Renowned for his ornate and whimsical kinetic sculptures, Korean artist U-Ram Choe has spent the past couple months working as an Artist in Residence at the Autodesk Workshop at Pier 9 in San Francisco.
Choe has access to a wide range of digital fabrication and additive manufacturing tools at the workshop, but his Digital Prototyping tool of choice is Autodesk Inventor software. For his innovative work, Choe has been recognized as the Autodesk Inventing the Future recipient for May.
Autodesk seeks Inventing the Future candidates each month from its Manufacturing customer base through a brief Q&A interview on a company or individual addressing their business, products and inventive spirit. Here’s what Choe had to say about his art, future goals and experiences leveraging Autodesk software:
Autodesk: What does your studio develop and why is it important to the world?
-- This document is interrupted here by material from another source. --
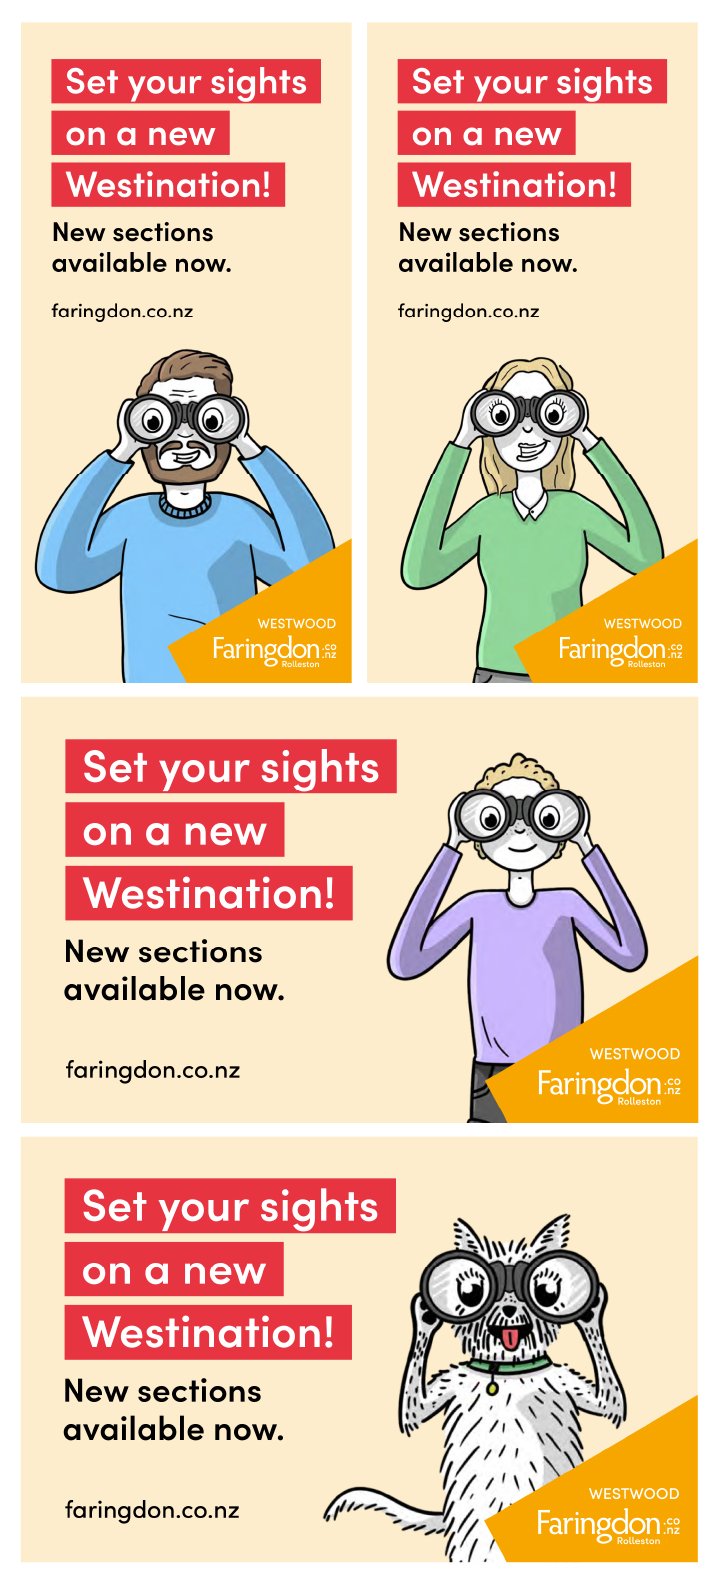   Faringdon   Campaign illustrations

Choe: First and foremost, I am an artist 100 percent. I’ve always loved making things, specifically creatures that move. Motion is life, and every life has motion — slow or fast. When I create something, I try to mimic natural motion and give life to the piece. I want my pieces to inspire people, because without inspiration, life would be too boring!
Autodesk: How has adopting technology helped your artwork evolve?
Choe: Technology helps and supports things. It helps me show what I need to show, without being overt. The technology in my pieces hides in plain sight, but it doesn’t hinder my process. I need technology to be flexible enough to adapt to the needs of the pieces.
Autodesk: What Autodesk software do you use and why?
Choe:I primarily use Autodesk Inventor software. I have not seen any other product that gives me the freedom that Inventor does. It would be impossible for me to design movement without it. For example, I can simulate how a certain piece will move in Inventor, whereas in the past I had to physically make the part and test it out.
Autodesk: Where do you see yourself 20 years from now?
Choe:In 20 years, I hope to see myself with a little store where students would feel free to stop in and ask me questions about their work. The store would also be the not-so-hidden entrance to a huge warehouse, much like what the Pier 9 workshop looks like. I think of Pier 9 as a blueprint for my future shop. When you step into the Pier 9 workshop, you get this feeling of being limitless, like any idea could be made there.
Autodesk: What does being an artist mean to you? [You fill in blank with your occupation.]
Choe: Being an artist means I try to change the way people view the world. I want to show the audience new things and make them feel something new. After looking at my pieces, I want someone to feel moved and maybe even evolve his or her current way of thinking.